Is there another way? Is recursion the best solution at all (presuming I'm not allowed to loop)?

The 'empty list' initiation is pretty standard in F#. The nice thing about it is if you load a list of currently assigned jobs from a data-source (database, API, etc.) you can seed the function with the current assignments.

Recursion is perfectly fine here, and in fact it's the route I would go to solve this issue. That said, I would actually consider an unfold as well, which would remove the empty-list requirement.
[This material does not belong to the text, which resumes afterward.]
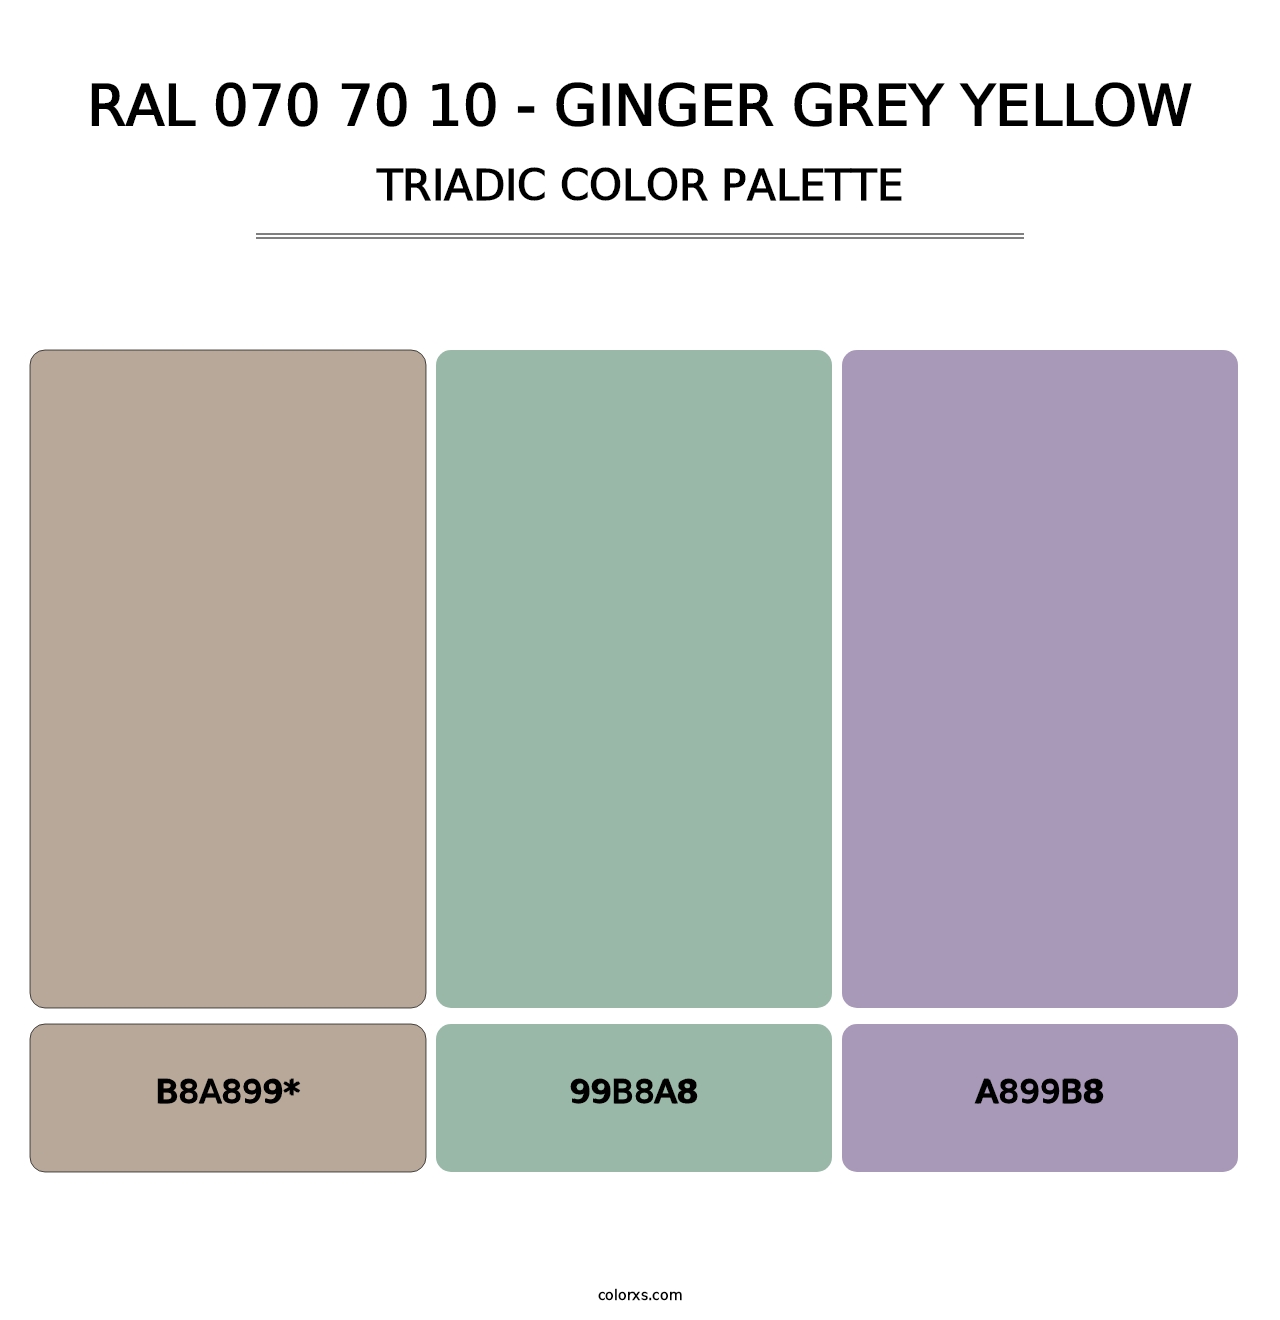 RAL 070 70 10 - Ginger Grey Yellow - Triadic Color Palette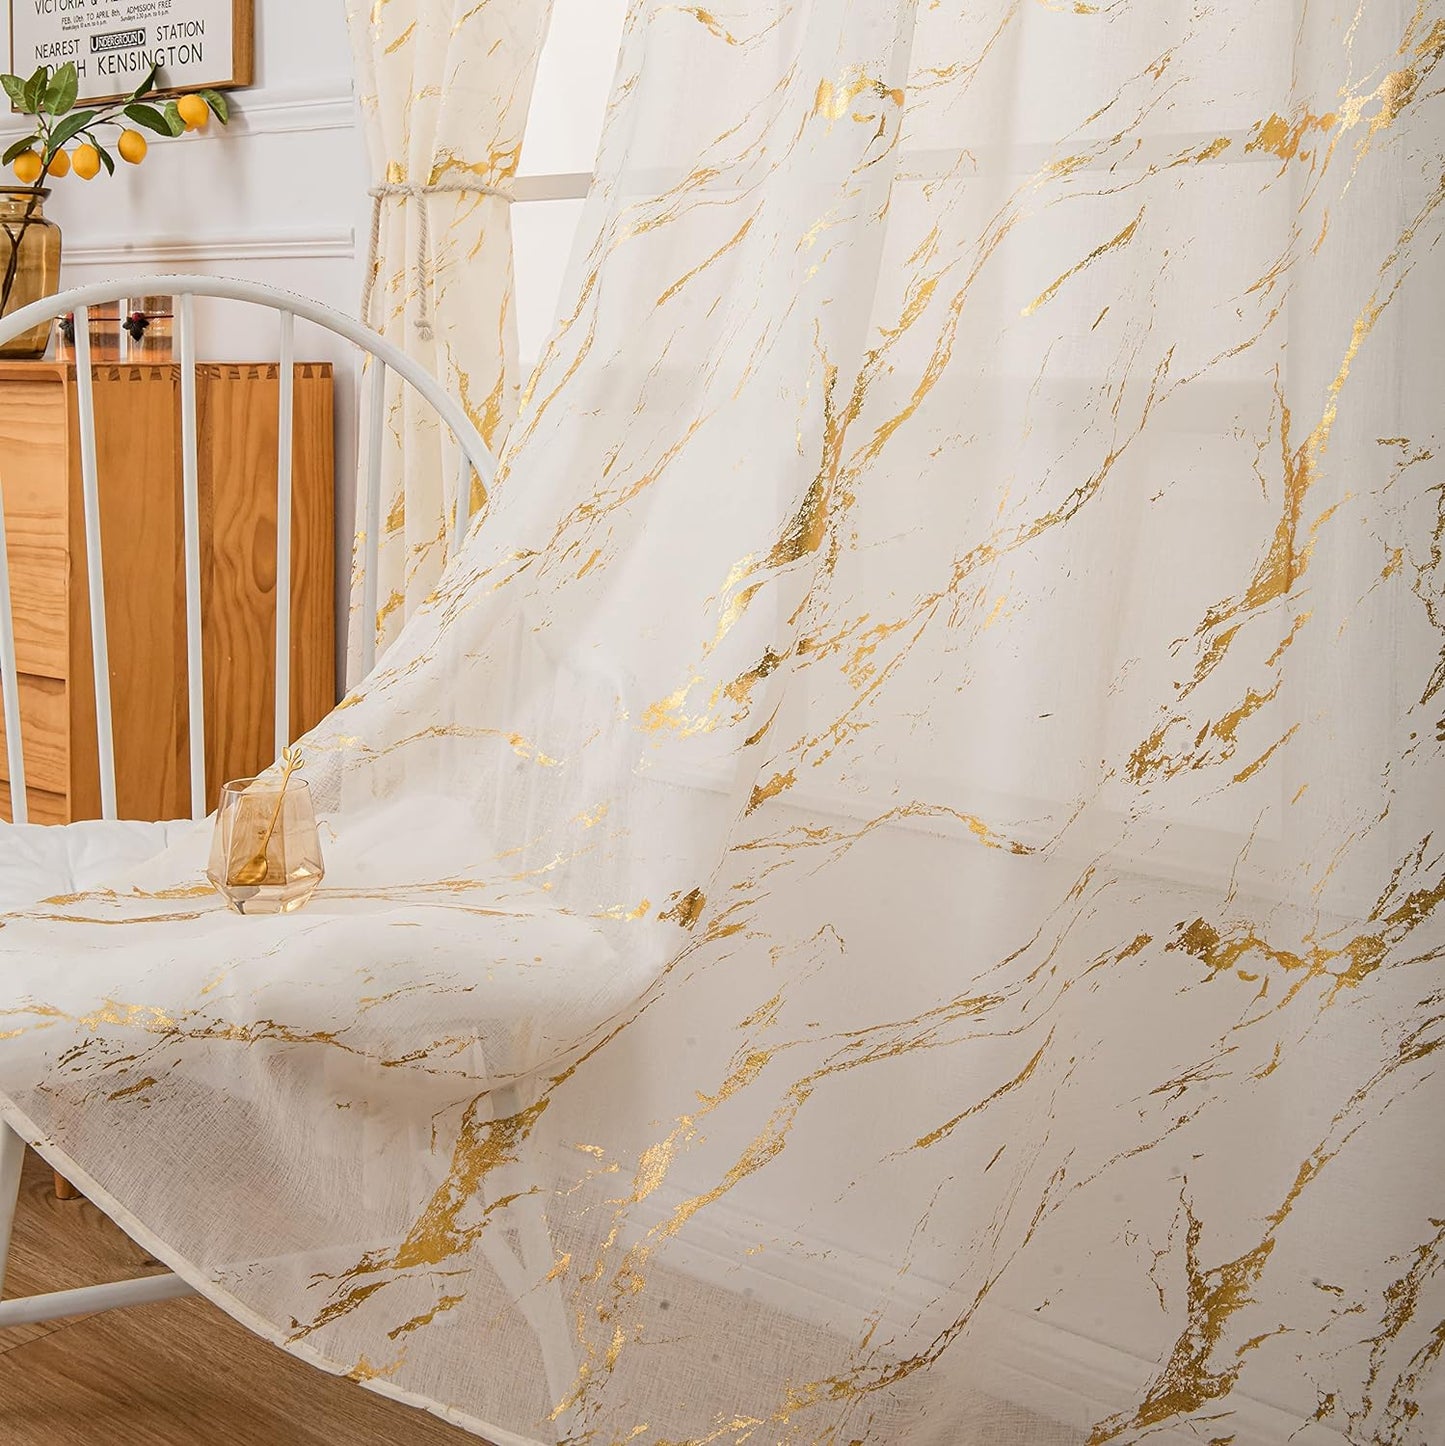 Sutuo Home Marble White Sheer Curtains 84 Inch Length, Gold Foil Print Metallic Bronzing, Privacy Window Treatment Decor Abstract Drape Pair 2 Panels Set for Bedroom Kitchen Living Room 52" W X 84" L  Sutuo Home Gold And Ivory 52" W X 108" L, 2 Panels

Basically, unfold takes some seed data (here it would be the crewMembers and jobs lists) and it creates a sequence/list/array from that seed data. (It's the opposite of fold: whereas fold creates a single result from a list, even if that's another list, unfold takes a single result and creates the original list.)

With regard to your current method, I have minimal comments. This is quite idiomatic F#, and follows most of the standard themes we use.

let AssignJob job crewMembers = 
    let bestCrewMember = crewMembers |> Seq.sortWith crewMemberComparison
                                     |> Seq.head
    {CrewMember = bestCrewMember; Job = job}

I'm not a big fan of your formatting, but beyond that I see no issues here. Personally, I would break it down as follows:

let AssignJob job crewMembers = 
    let bestCrewMember = 
        crewMembers
        |> Seq.sortWith crewMemberComparison
        |> Seq.head
    { CrewMember = bestCrewMember; Job = job }

(I don't like leaving unnecessary whitespace on the left — makes it harder to find the code you need to see.)

Also, I would name that assignJob as is normal F# parlance for function names.

Lastly, you could take advantage of Seq.exept instead of Seq.filter ((<>) ...), but you need to instantiate an extra list or array to do that, so I'm not sure if it's worth it.